7. Automate Alerts—But Tune Out the Noise
Set up alerts in Mylighthouse for big swings (like “cost per lead spiked 30% this week” or “email sign-ups dropped by half”). But don’t let yourself get pinged for every blip—false alarms are exhausting.
What’s worth an alert: - Major drops in conversions or leads - Big jumps in cost per acquisition - Channel completely stops reporting
What’s not: - Minor daily changes (that’s just noise) - Vanity metrics like impressions or reach
Check your dashboard at set times—don’t let it become a distraction.
8. Review, Discuss, and Iterate
The best dashboards spark action, not just admiration. Don’t just build it and forget it.
- Share your dashboard with your team, not just your boss.
- Use it in campaign reviews—ask, “What did we actually learn?”
- Tweak your metrics and visuals as you go. If nobody’s looking at a chart, kill it.
Pro tip: Schedule a monthly “dashboard clean-up.” Remove what’s not useful. Add what’s missing. Keep it lean.

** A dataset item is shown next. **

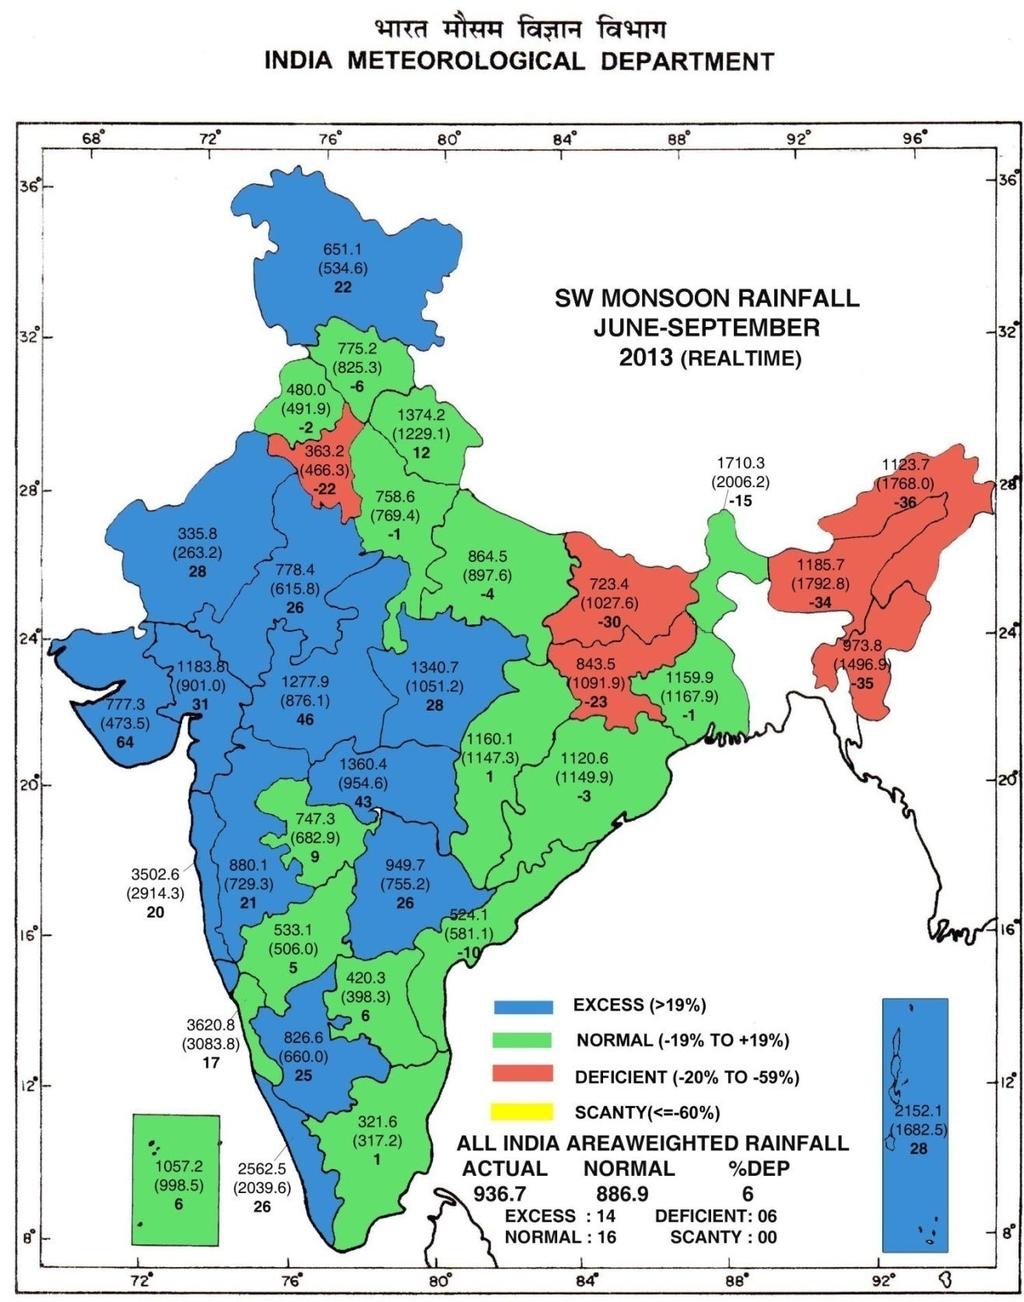 Source: Indian Meteorological Department Figure 3

What’s Overrated (And What Actually Matters)
You’ll hear a lot of noise about “AI-powered insights” and “360-degree views.” Don’t get distracted by features you don’t need.
- Don’t obsess over perfect data. There will always be blind spots. Good enough is usually enough.
- Ignore metrics you can’t act on. If you can’t change it, don’t report on it.
- Focus on trends, not one-day spikes. It’s the pattern that matters, not the outlier.
Keep It Simple and Iterate
Multi channel campaign tracking isn’t about showing off fancy dashboards. It’s about knowing what’s working, fixing what’s not, and moving faster next time. Start small, focus on the metrics that matter, and keep improving your setup as you learn.
And remember: Most of your competition is still stuck in spreadsheet hell. You’ve already got a leg up just by getting the basics right.